A lot of this comes down to traditional source cultivation. Our team has been putting out a series of investigations on Syria, on the bombings of hospitals and other civic sites in Syria, primarily by Russian pilots. We have a trove of thousands of pilot recordings, and they’re time-coded. By doing similar types of geolocation, temporal location, establishing the minute that a strike happened or a video was recorded, we’re able to see what pilots are doing in the skies at that time. In a conflict where it’s been very difficult to apportion blame for specific attacks, we’re able to definitively say that this pilot, in this minute, bombed that hospital. Sometimes they are even sharing the coordinates of the hospitals.
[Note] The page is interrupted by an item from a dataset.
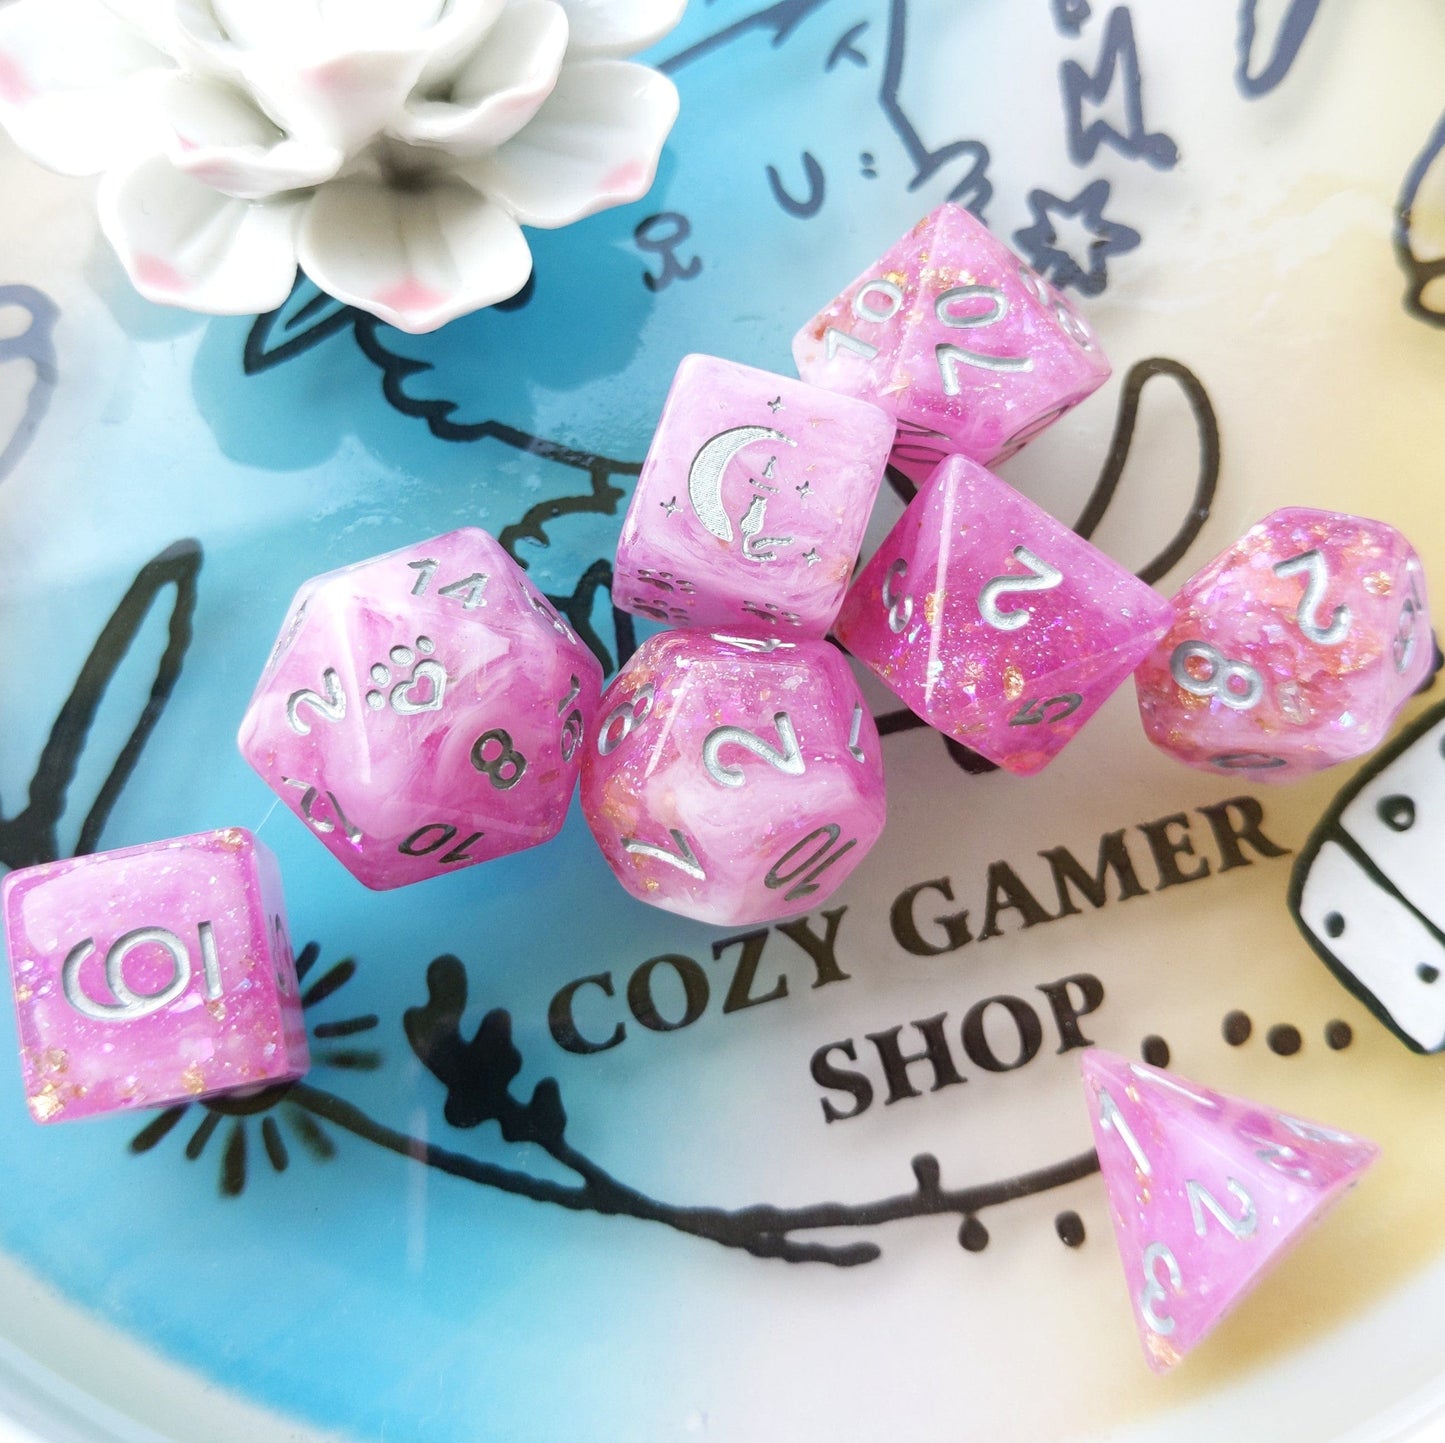 Cherry Blossom 8 Piece Dice Set. Clear Pink and White Marble, with Glitter and Foil - CozyGamer

We published one in June about an airstrike on a family home in Taliban country in Afghanistan. This poor fellow was working out of the country and got a call from his wife that there was a raid going on. And he says, Okay, I’m coming home right now. He arrives back there and his family is killed and buried. The US was denying they carried it out, and the Afghans were denying they carried it out as well.
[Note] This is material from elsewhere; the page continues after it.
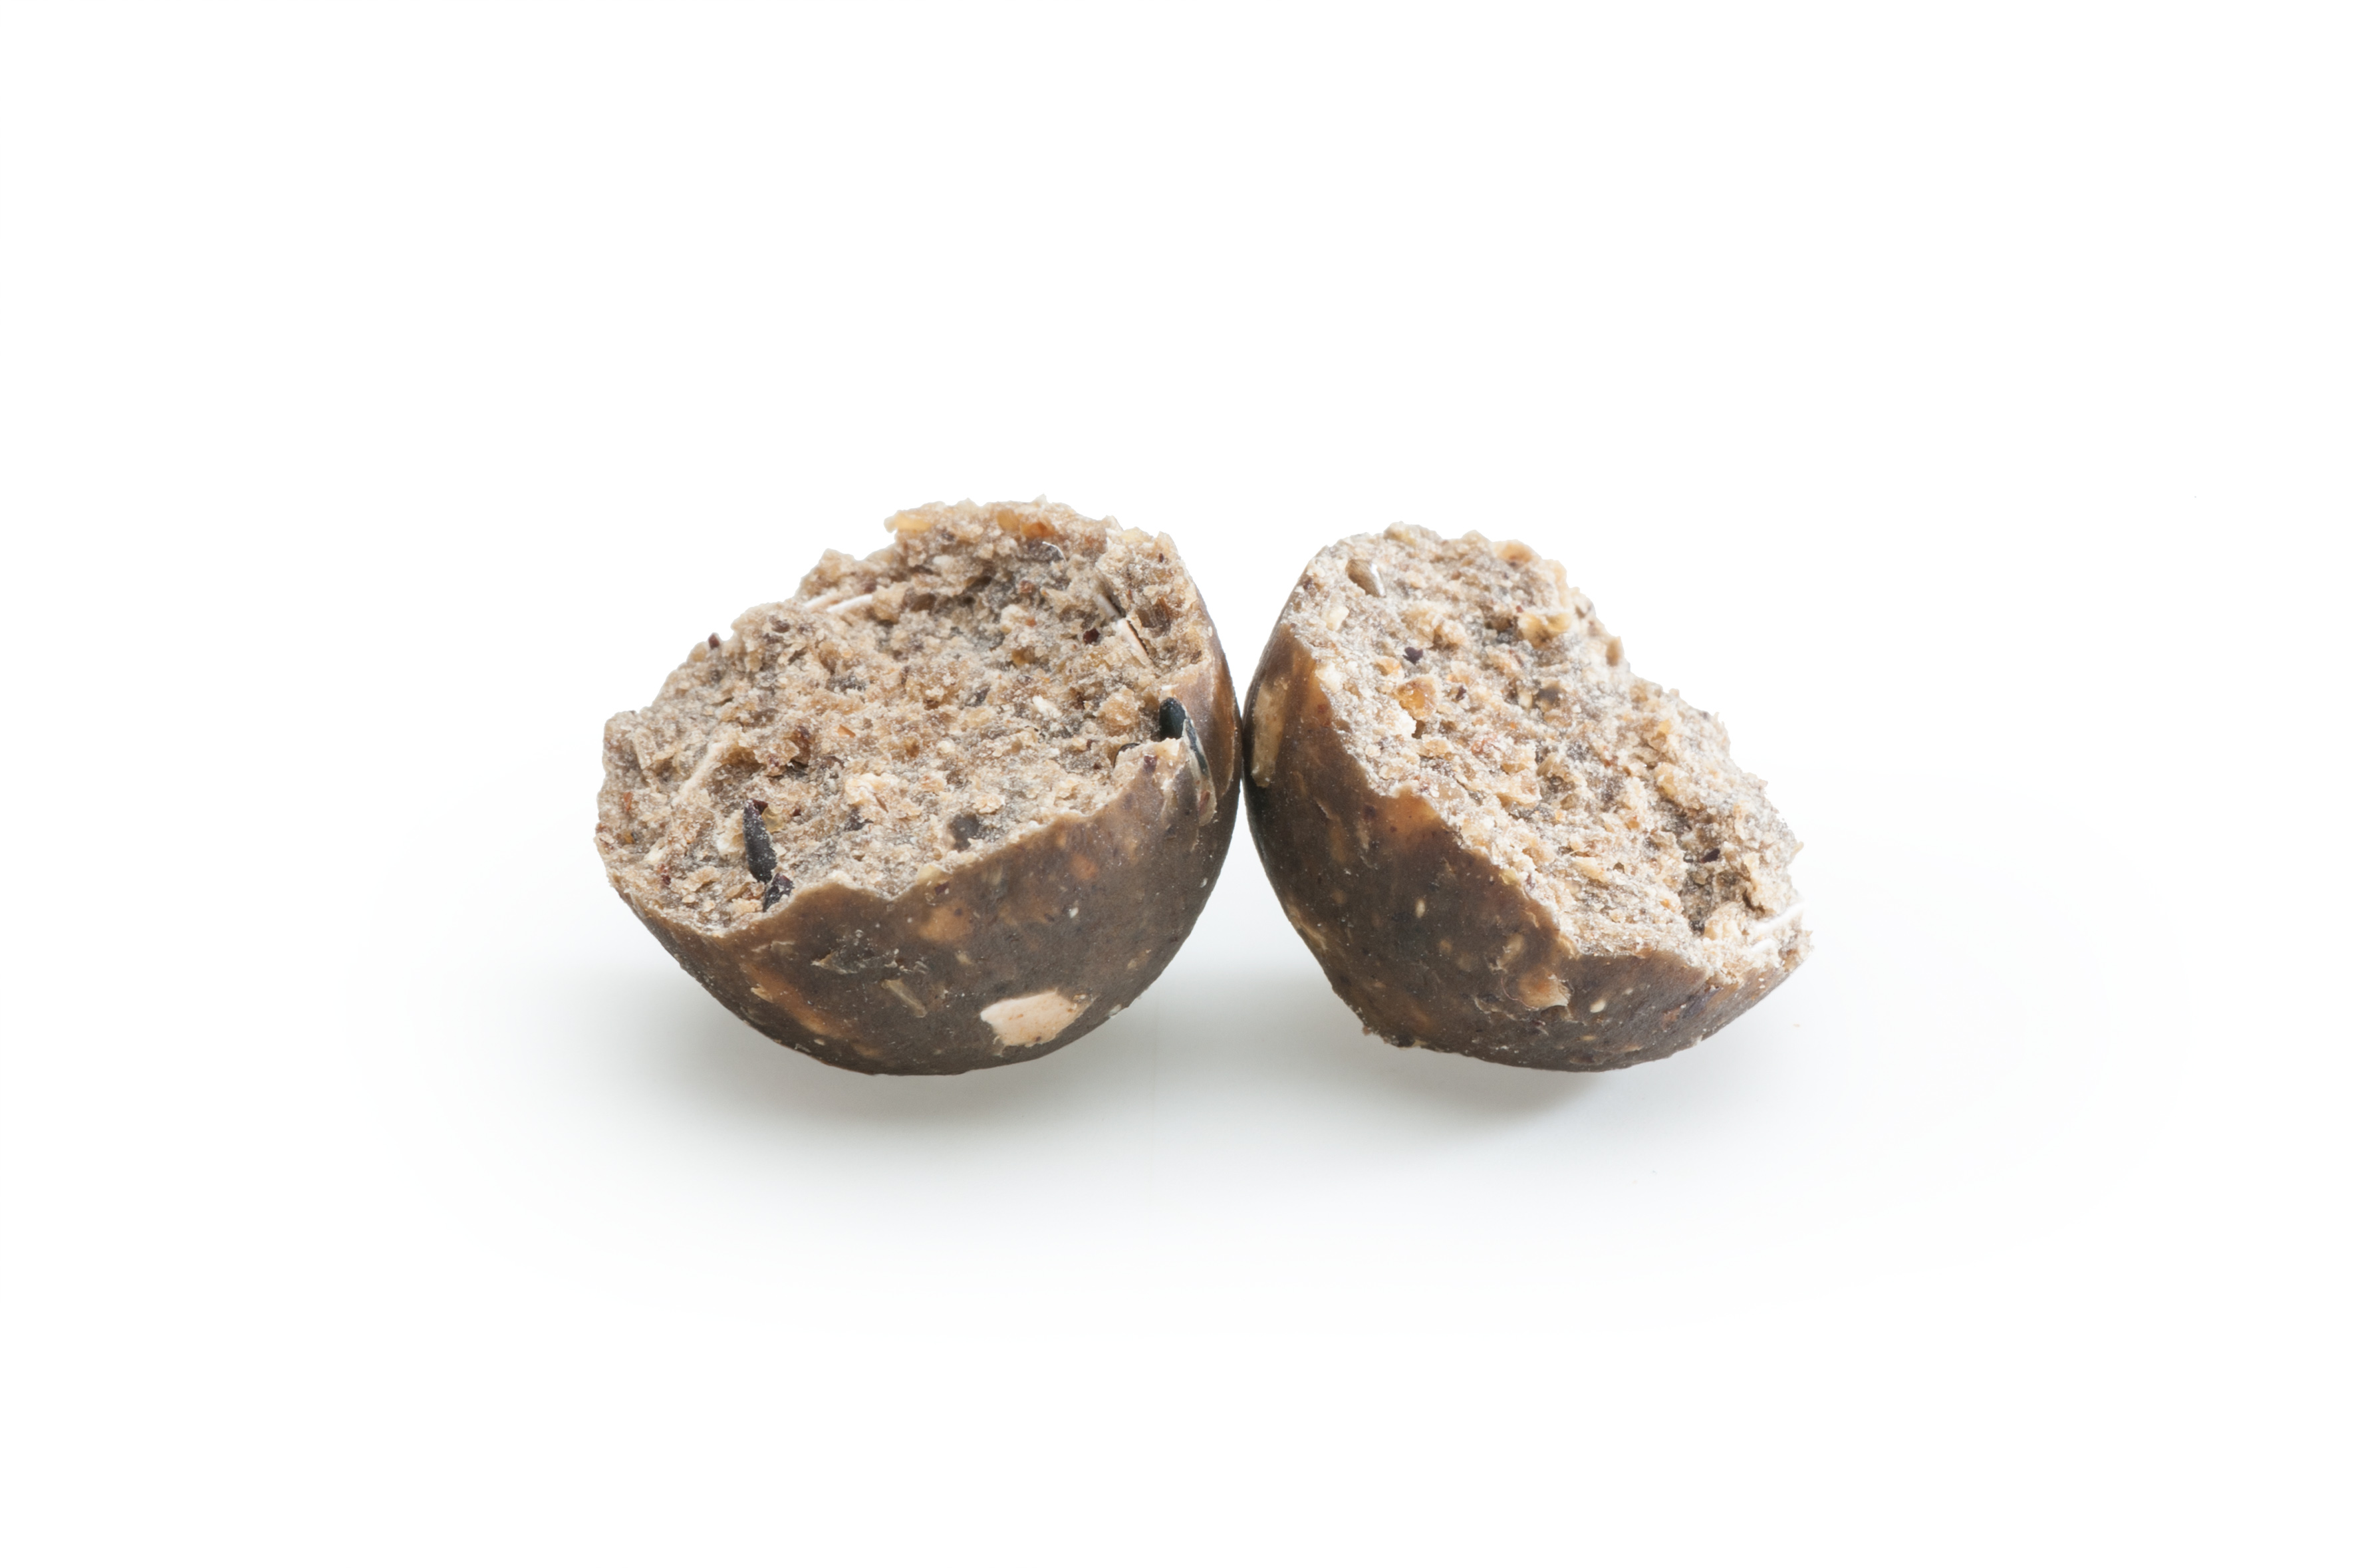 Rapid Boilies Excellent - Monster Crab (3300g | 24mm)

We worked with the Bureau of Investigative Journalism in London to get sources in the village who had filmed the aftermath of the attack. My colleagues Christiaan Triebert and John Ismay analyzed the weapons remains that were there. Through our correspondents in DC and our Kabul bureau, we were able to identify that this was a weapon that was only used by the American Air Force in Afghanistan.
It’s just an example of forcing the US military to admit that they had carried out this airstrike. They did not admit to civilian casualties.
Is this kind of reporting attainable for a freelance reporter who is not attached to a news outlet like the Times?
Yes, it is. There’s a terrific collective called Bellingcat, and it’s essentially freelance investigators who do online, open-source investigations, just like we do. One of our team, Christiaan Triebert, worked at Bellingcat before he joined us. There’s also Storyful, where I used to work. There are other groups like the Human Rights Center at UC Berkeley. They have a lot of students who do similar investigative work or open-source investigations using satellite imagery, found footage, weapons analysis, and so on. And there’s a really strong online community of people who are sharing skills and information. A lot of them tend to gravitate towards conflict reportage.